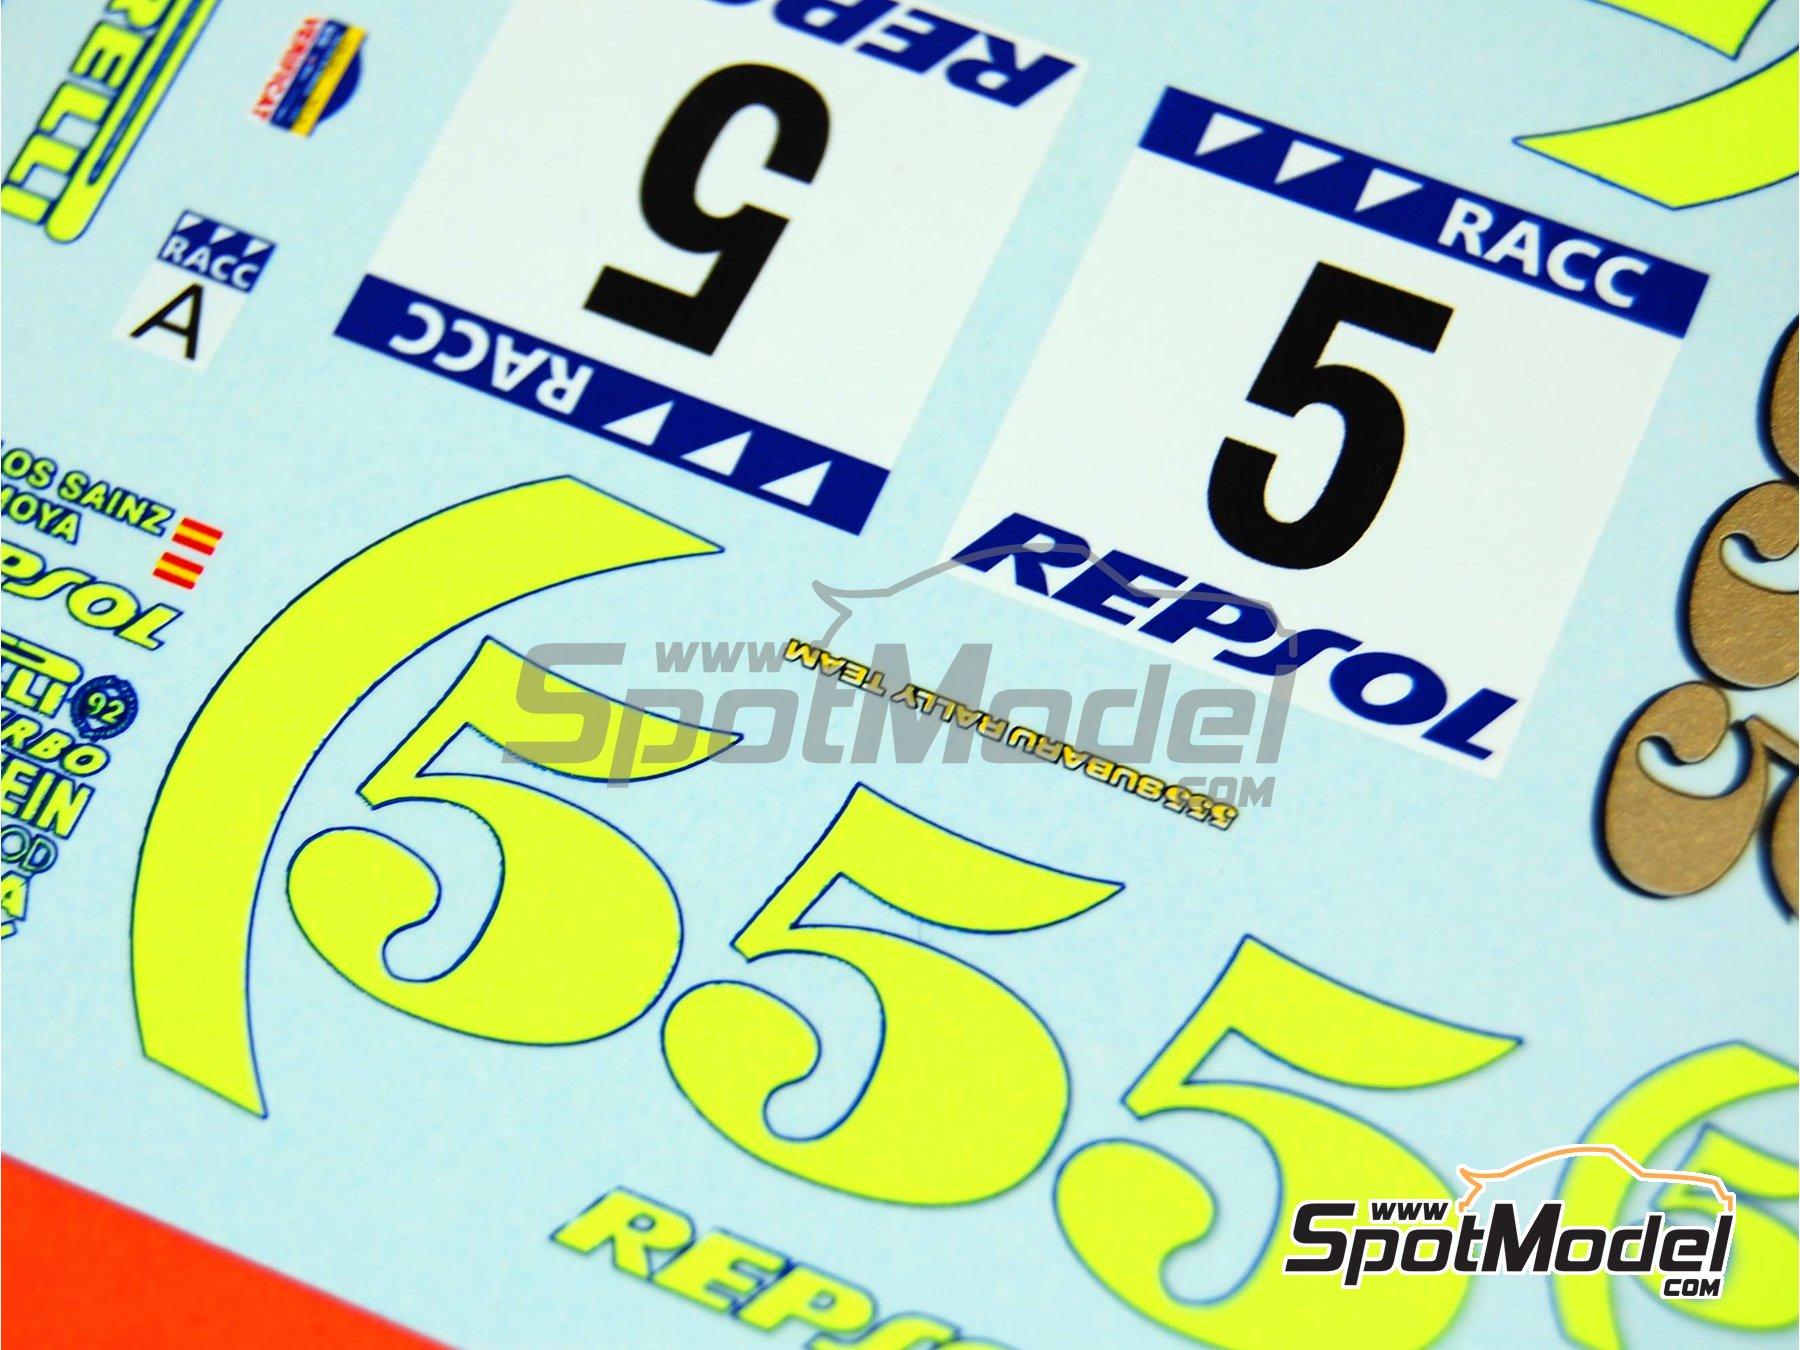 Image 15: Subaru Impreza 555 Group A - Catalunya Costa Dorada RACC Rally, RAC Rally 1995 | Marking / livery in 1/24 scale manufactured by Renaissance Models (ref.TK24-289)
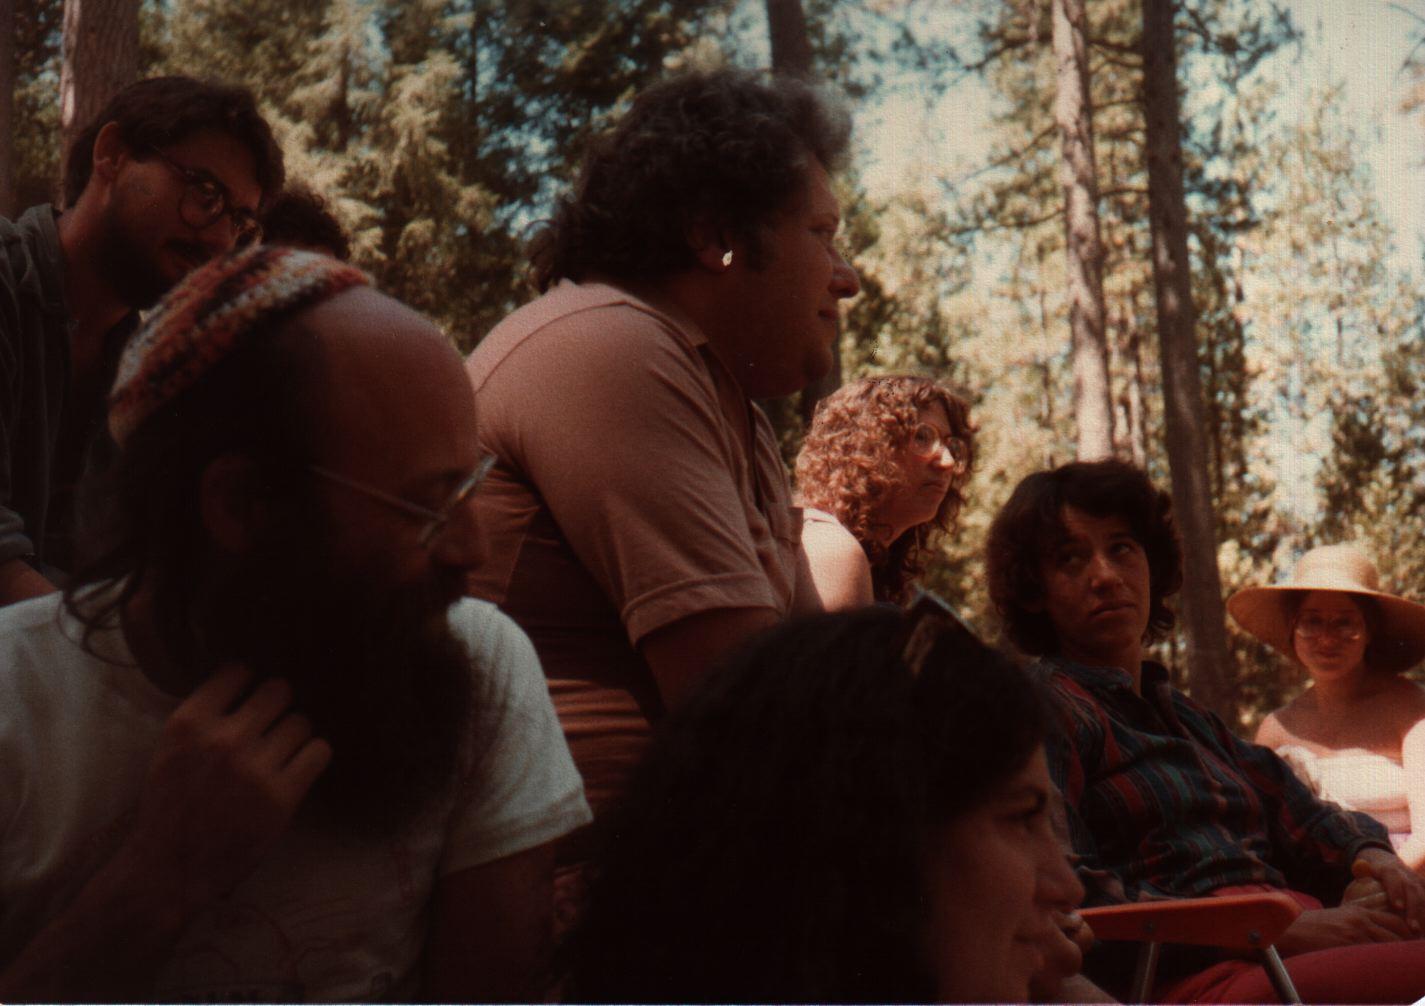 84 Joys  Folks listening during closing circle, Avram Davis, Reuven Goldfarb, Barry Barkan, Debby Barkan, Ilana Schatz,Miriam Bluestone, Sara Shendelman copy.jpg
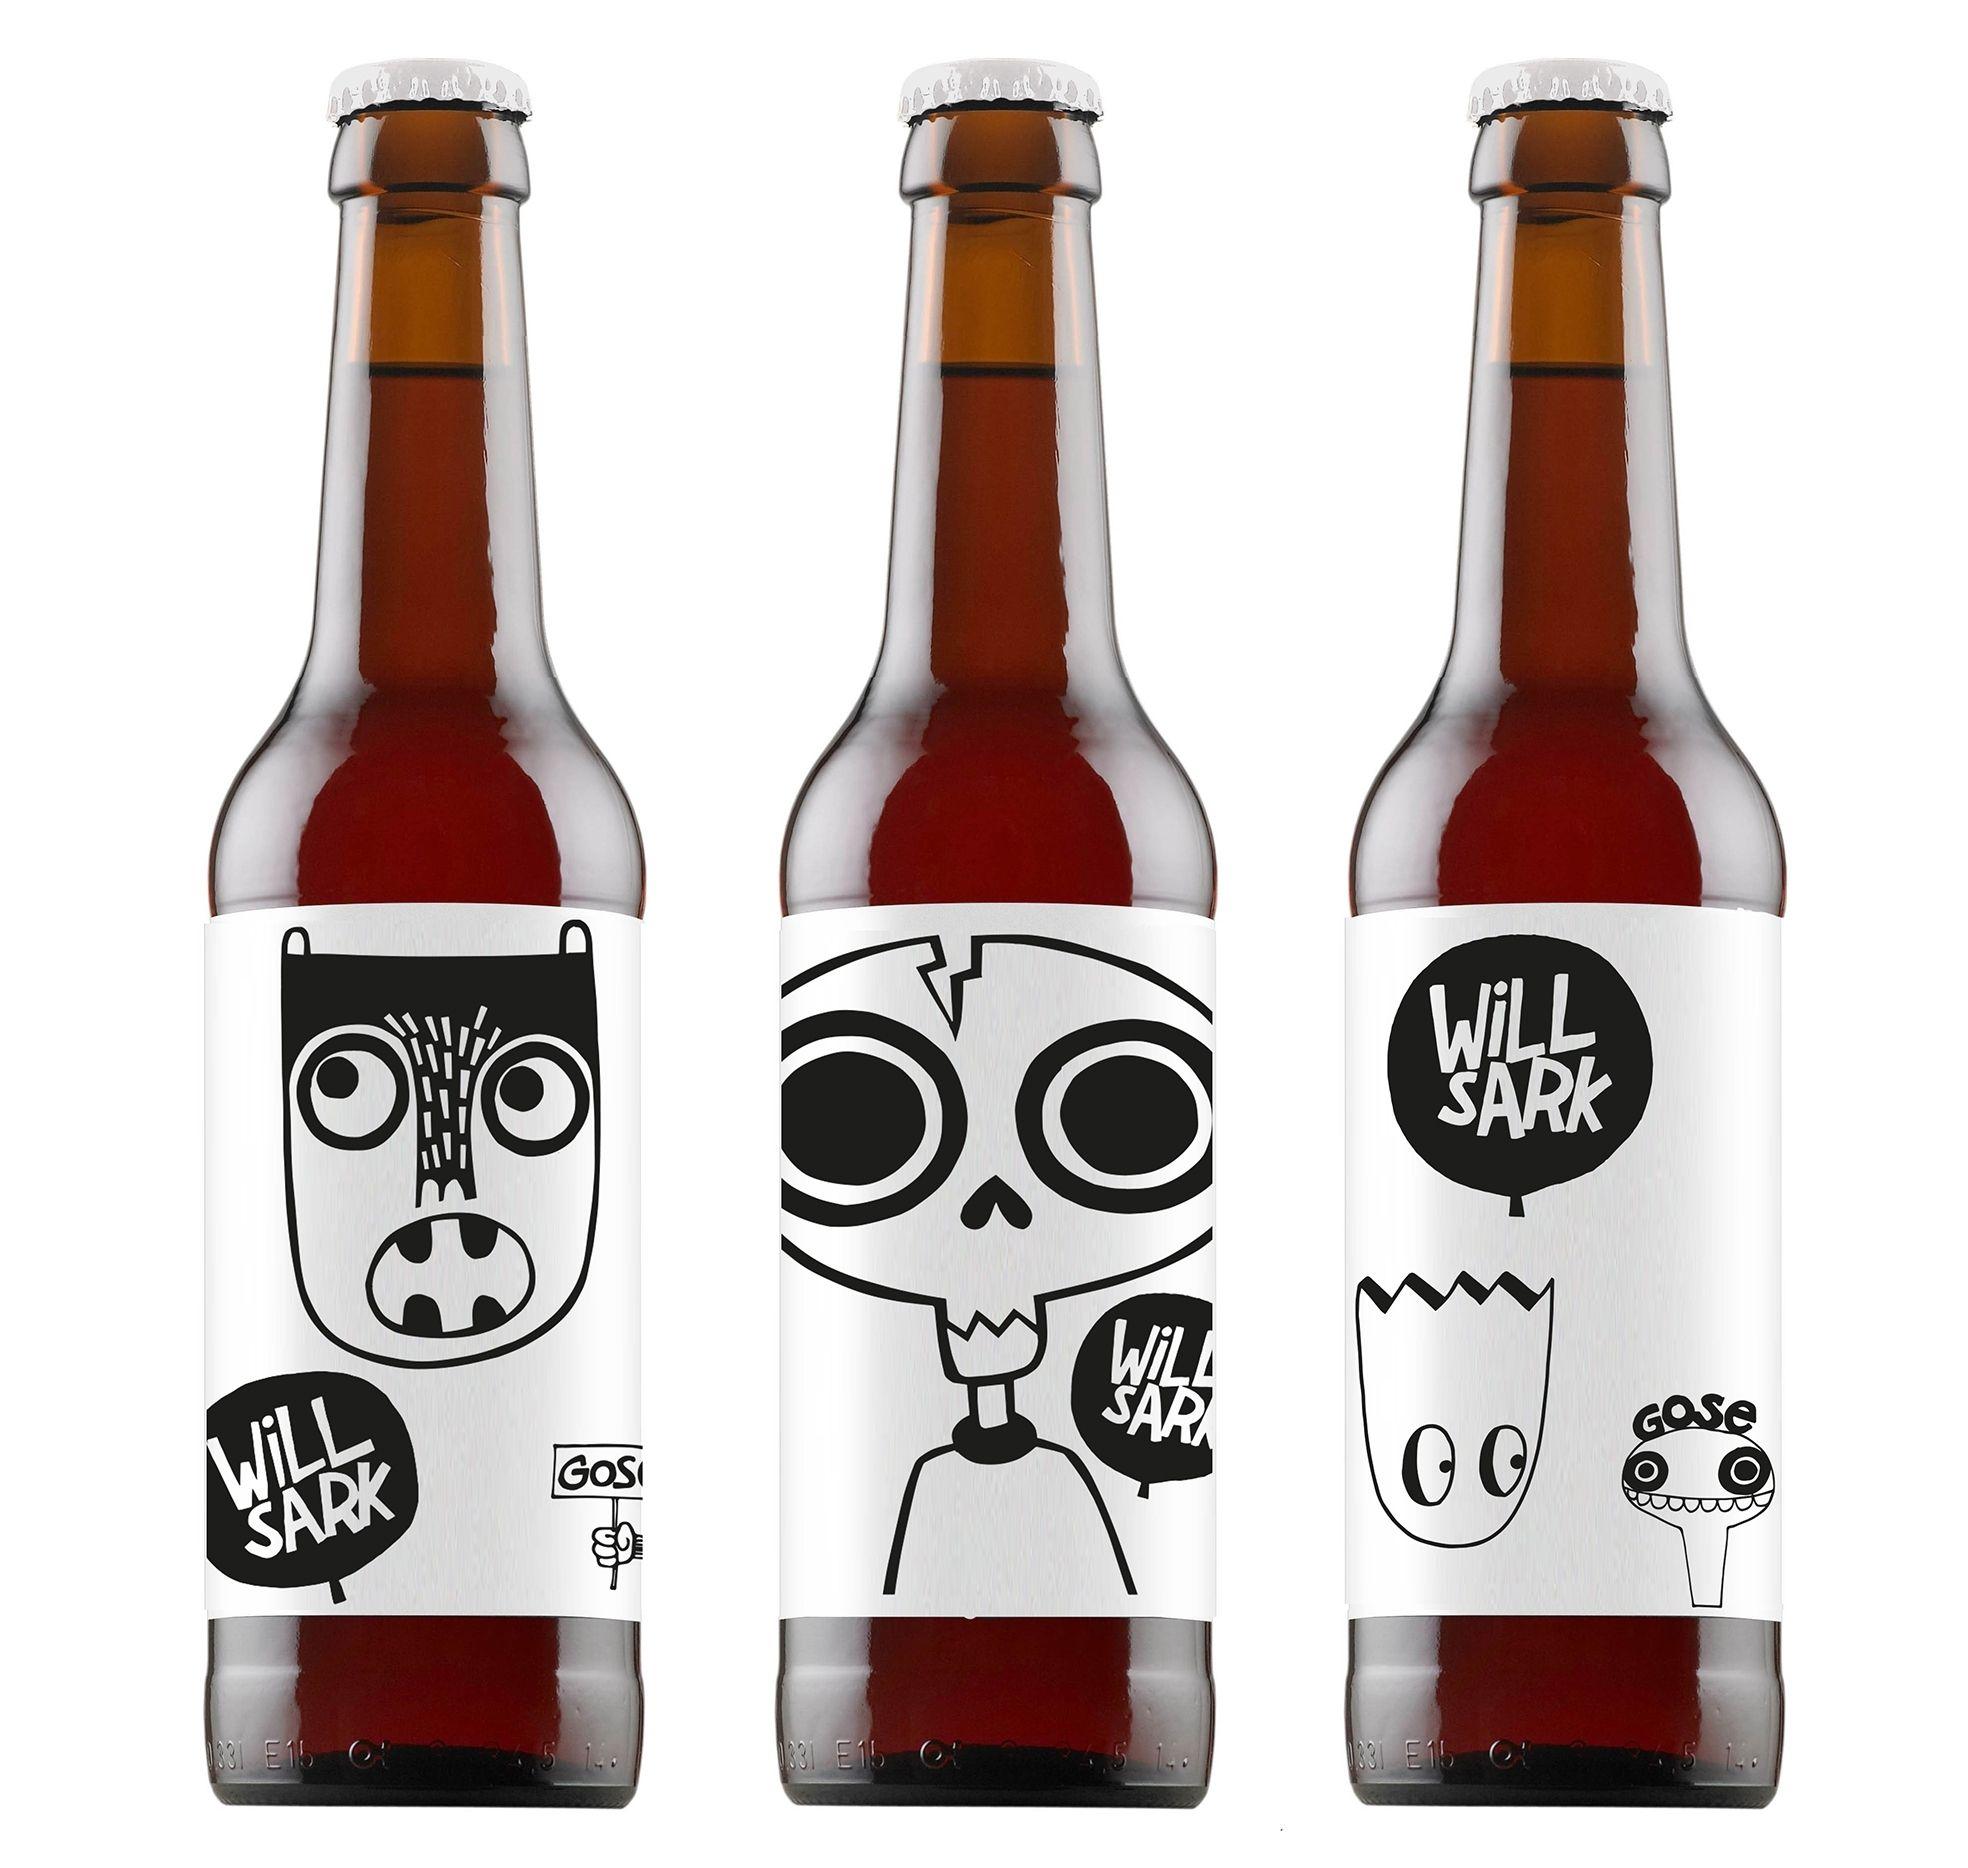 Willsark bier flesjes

WORK ORDER:
Write the material out again exactly as it appears, dropping the pictures.

WRITTEN RESPONSE:
 Image 15: Subaru Impreza 555 Group A - Catalunya Costa Dorada RACC Rally, RAC Rally 1995 | Marking / livery in 1/24 scale manufactured by Renaissance Models (ref.TK24-289)
 84 Joys  Folks listening during closing circle, Avram Davis, Reuven Goldfarb, Barry Barkan, Debby Barkan, Ilana Schatz,Miriam Bluestone, Sara Shendelman copy.jpg
 Willsark bier flesjes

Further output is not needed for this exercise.